**** DATA SEGMENT

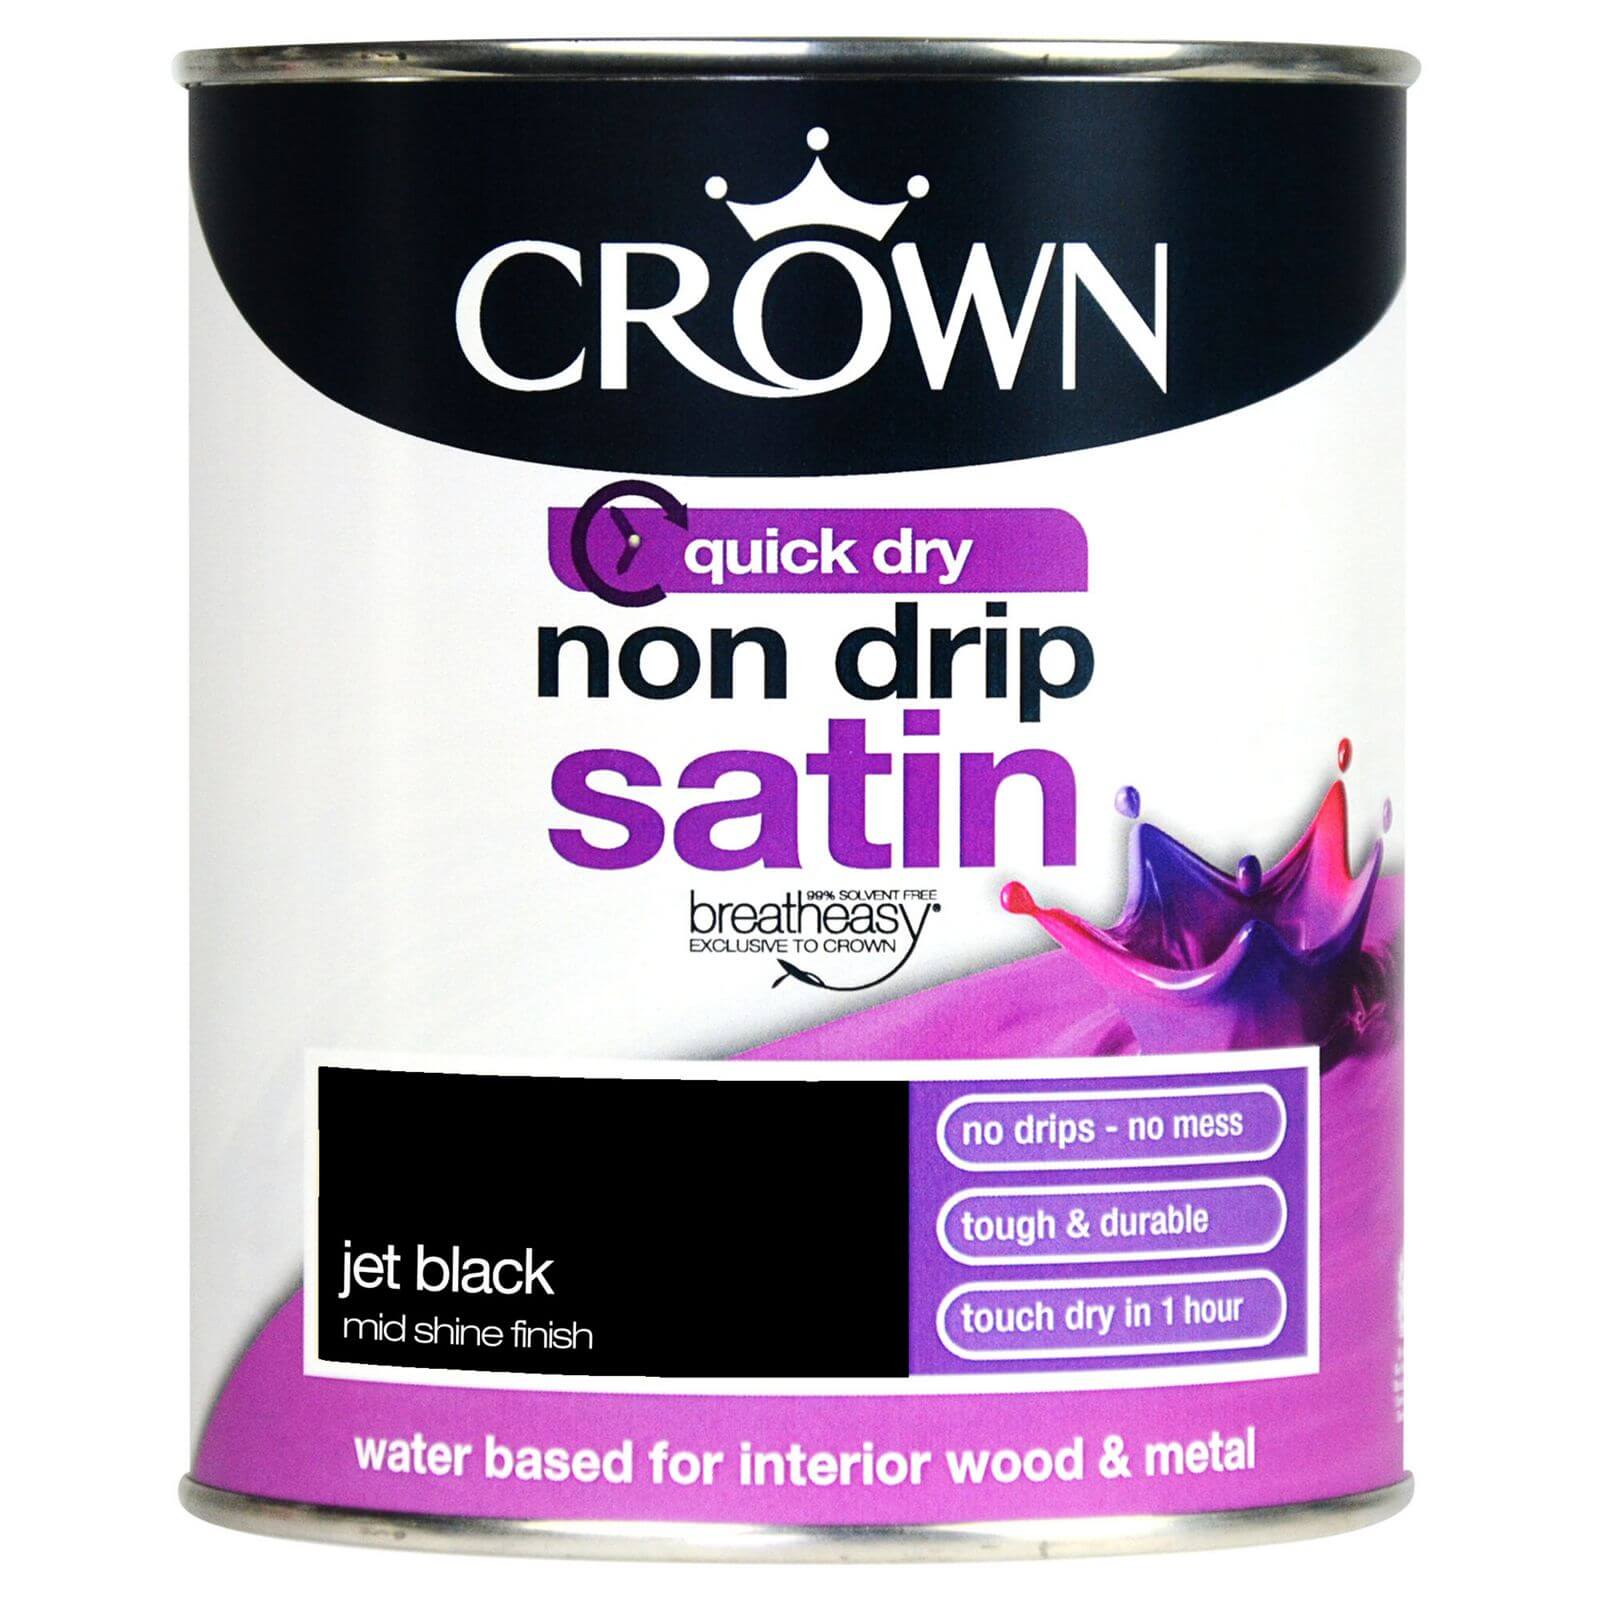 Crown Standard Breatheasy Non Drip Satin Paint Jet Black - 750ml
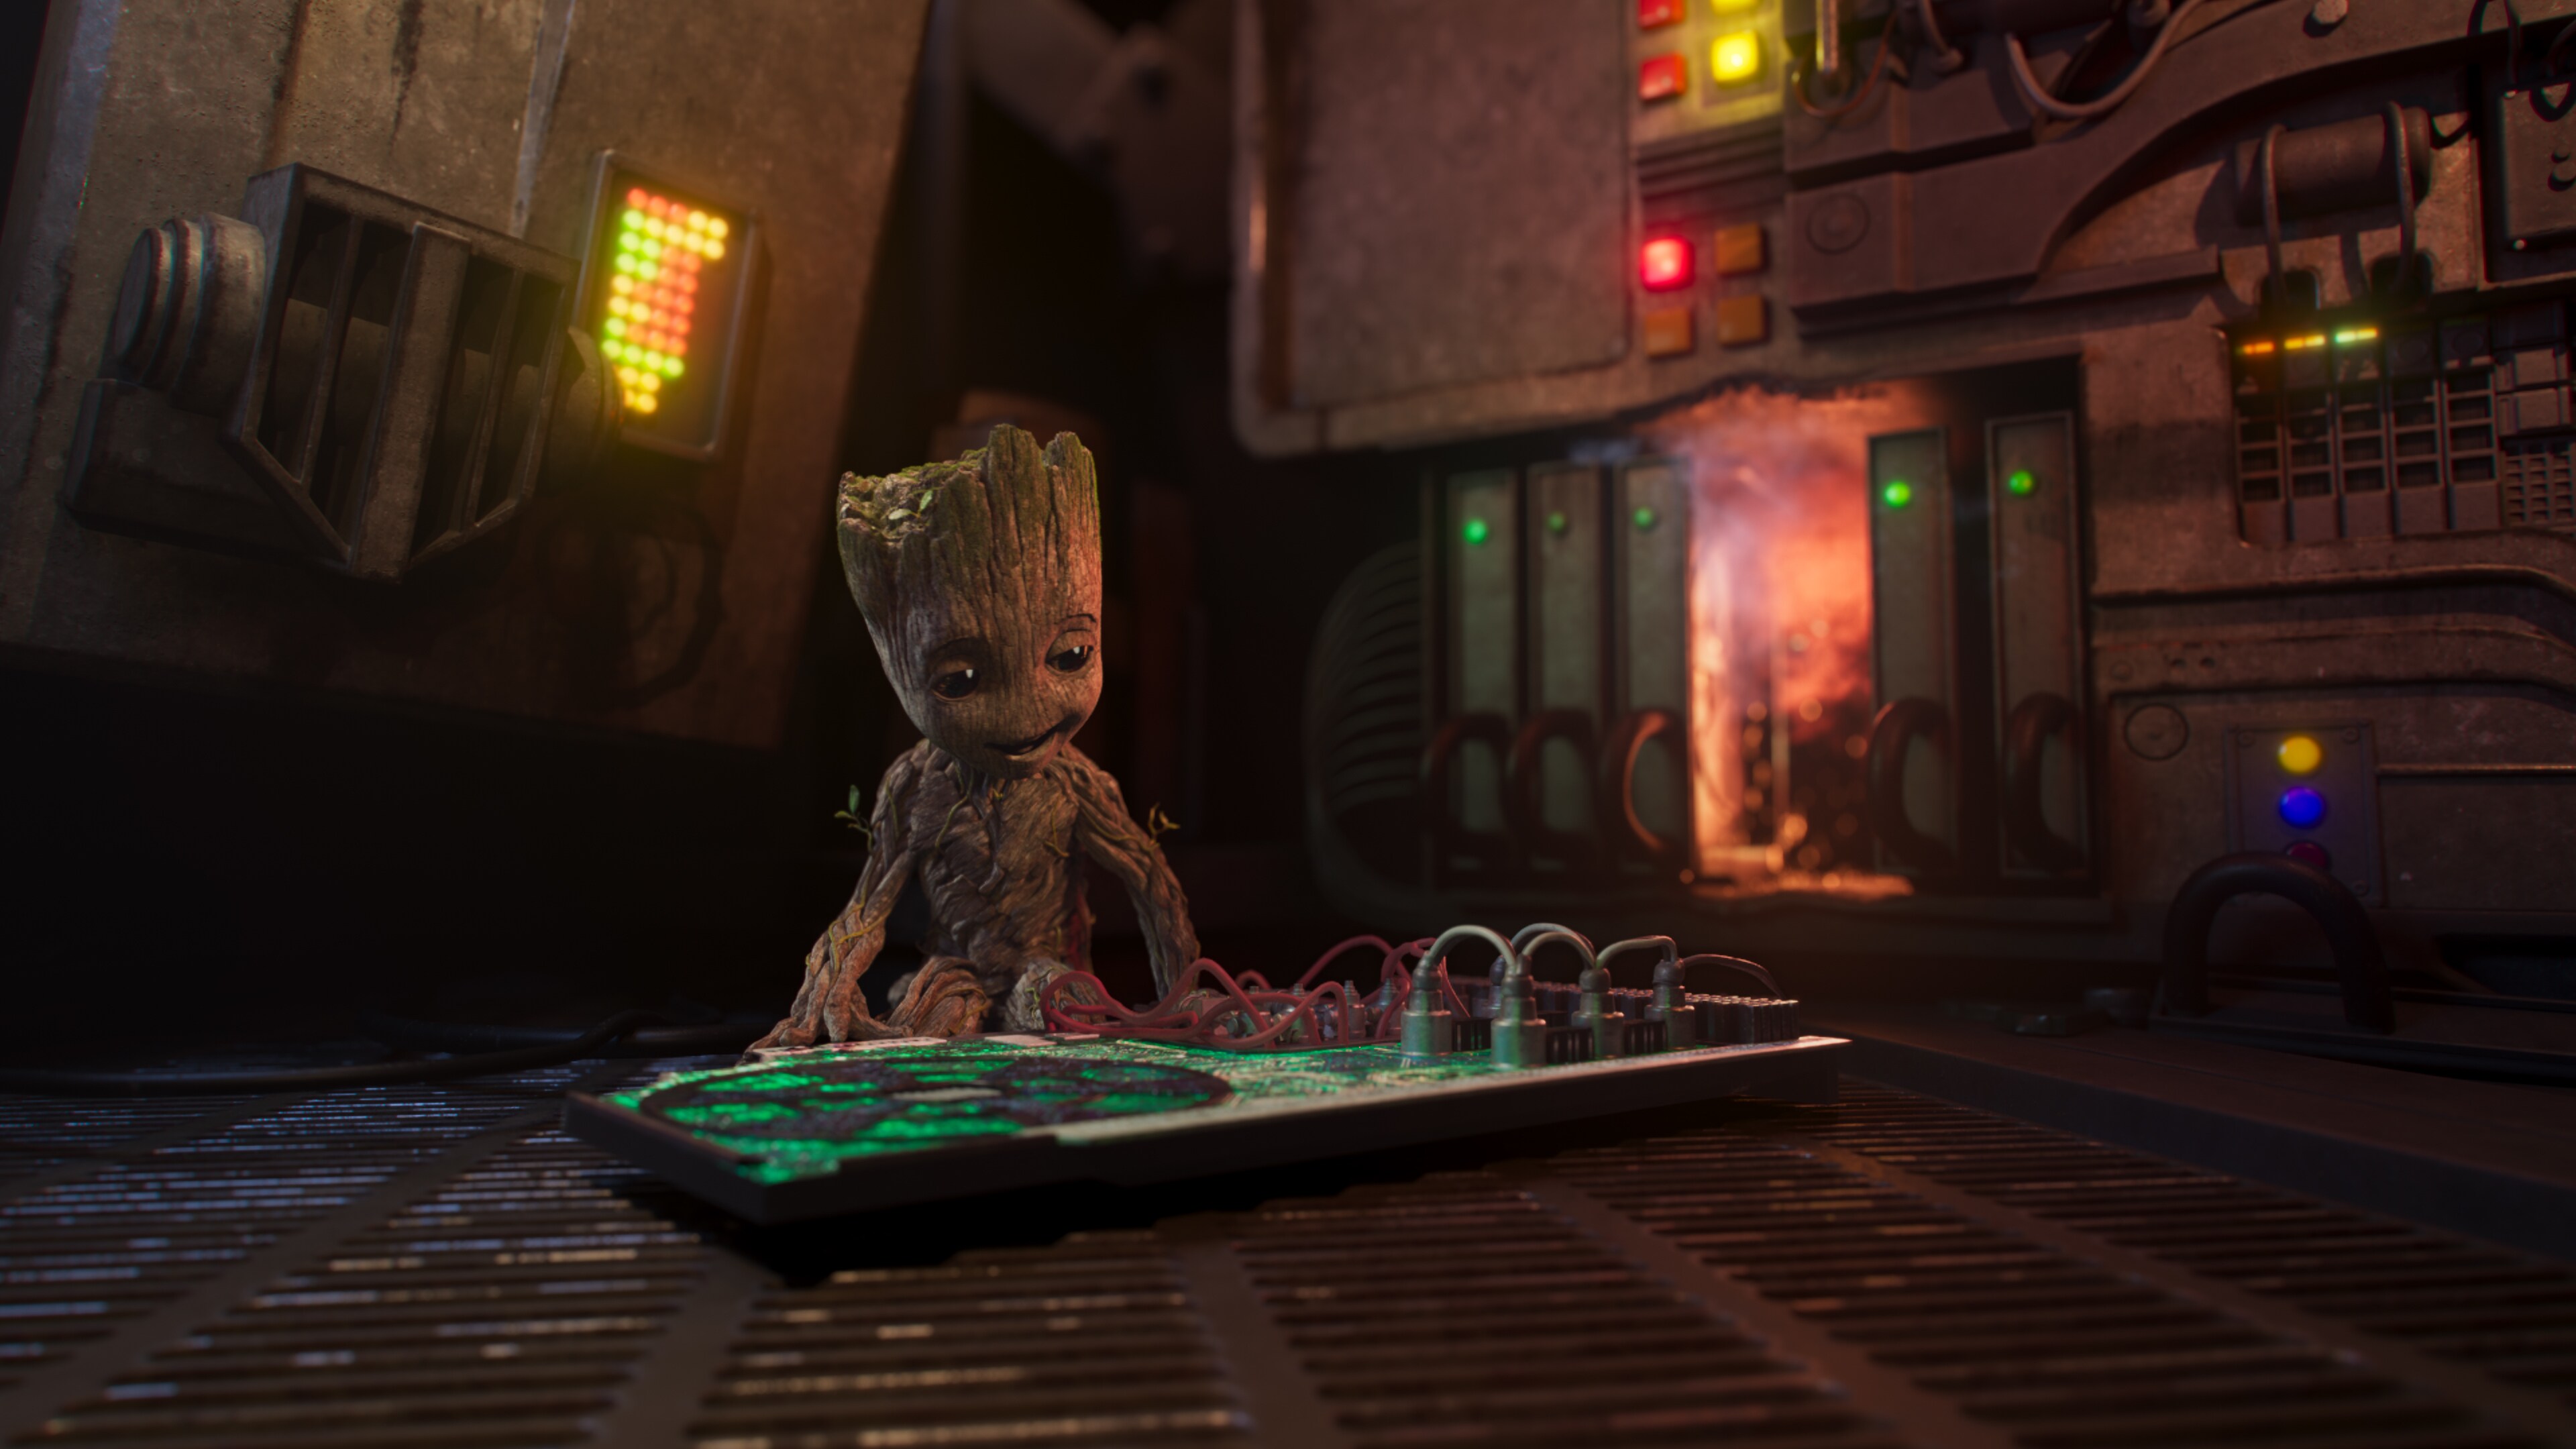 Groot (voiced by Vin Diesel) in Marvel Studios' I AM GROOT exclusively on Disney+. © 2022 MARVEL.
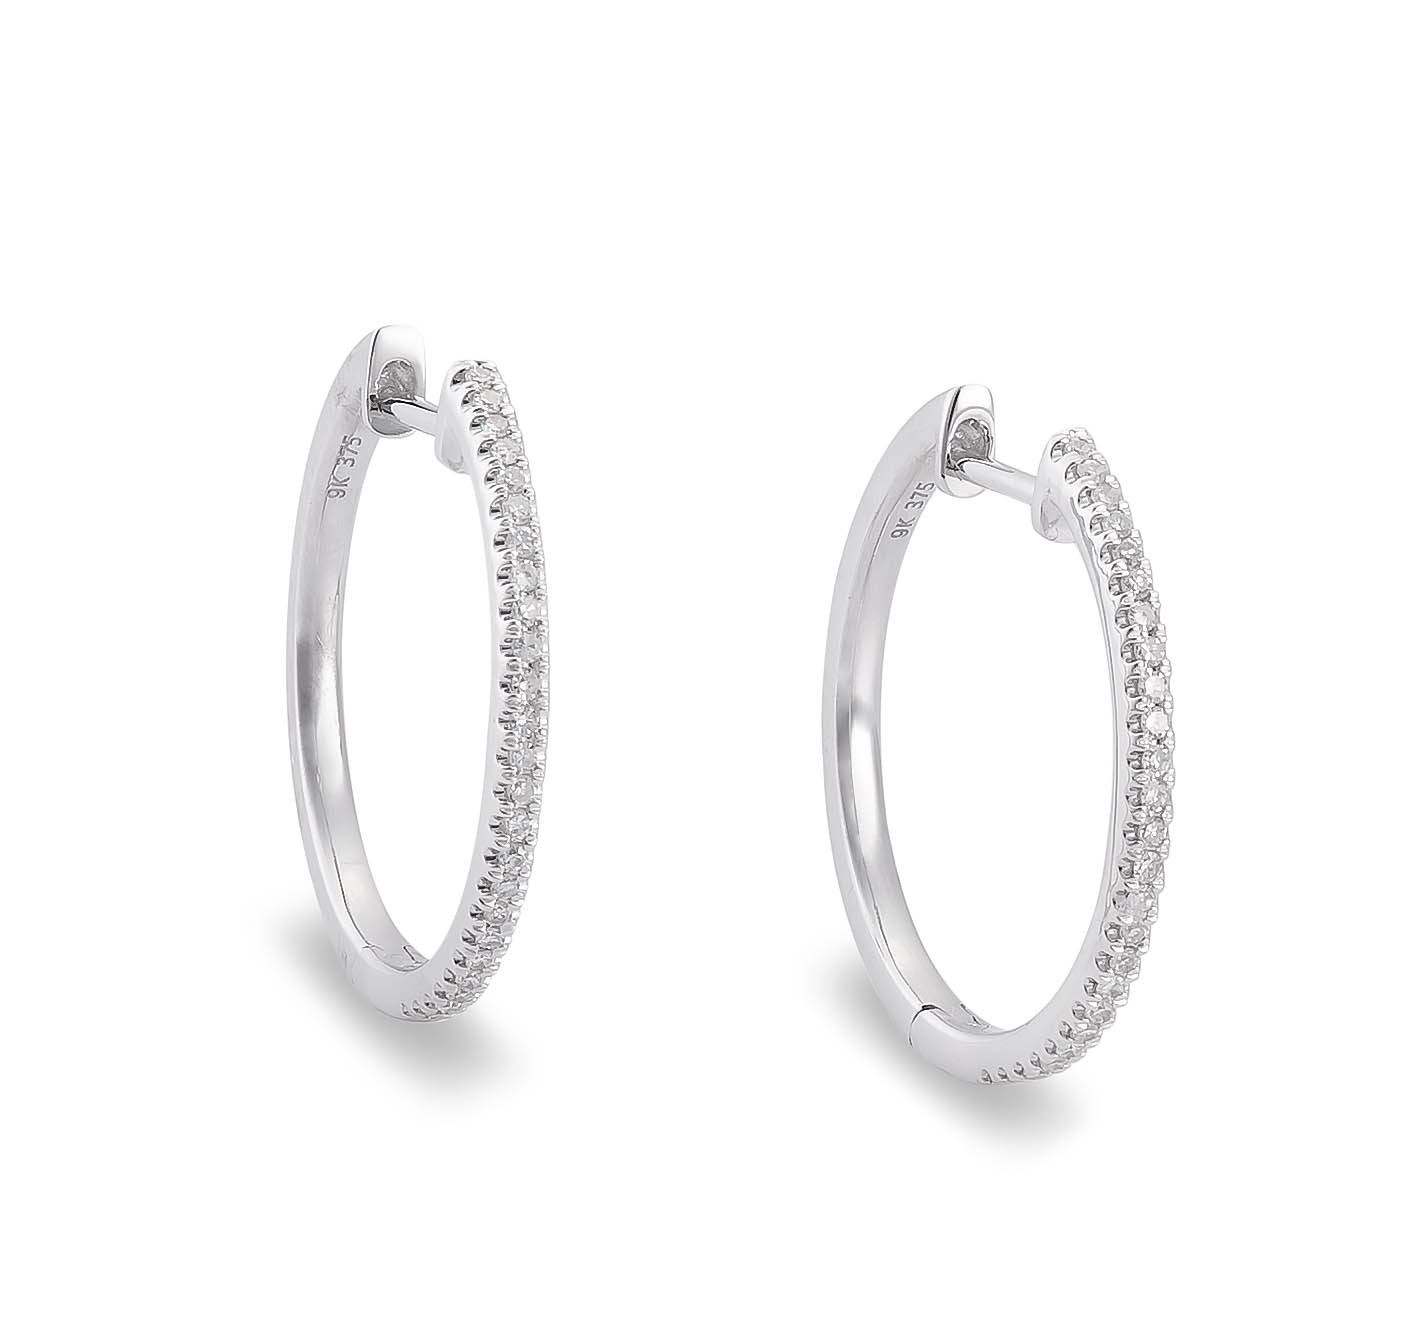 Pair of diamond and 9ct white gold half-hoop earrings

********

EXERCISE DETAILS >>
Restate the full listing verbatim and drop every picture.

WRITTEN REPLY >>
 Crown Standard Breatheasy Non Drip Satin Paint Jet Black - 750ml
 Groot (voiced by Vin Diesel) in Marvel Studios' I AM GROOT exclusively on Disney+. © 2022 MARVEL.
 Pair of diamond and 9ct white gold half-hoop earrings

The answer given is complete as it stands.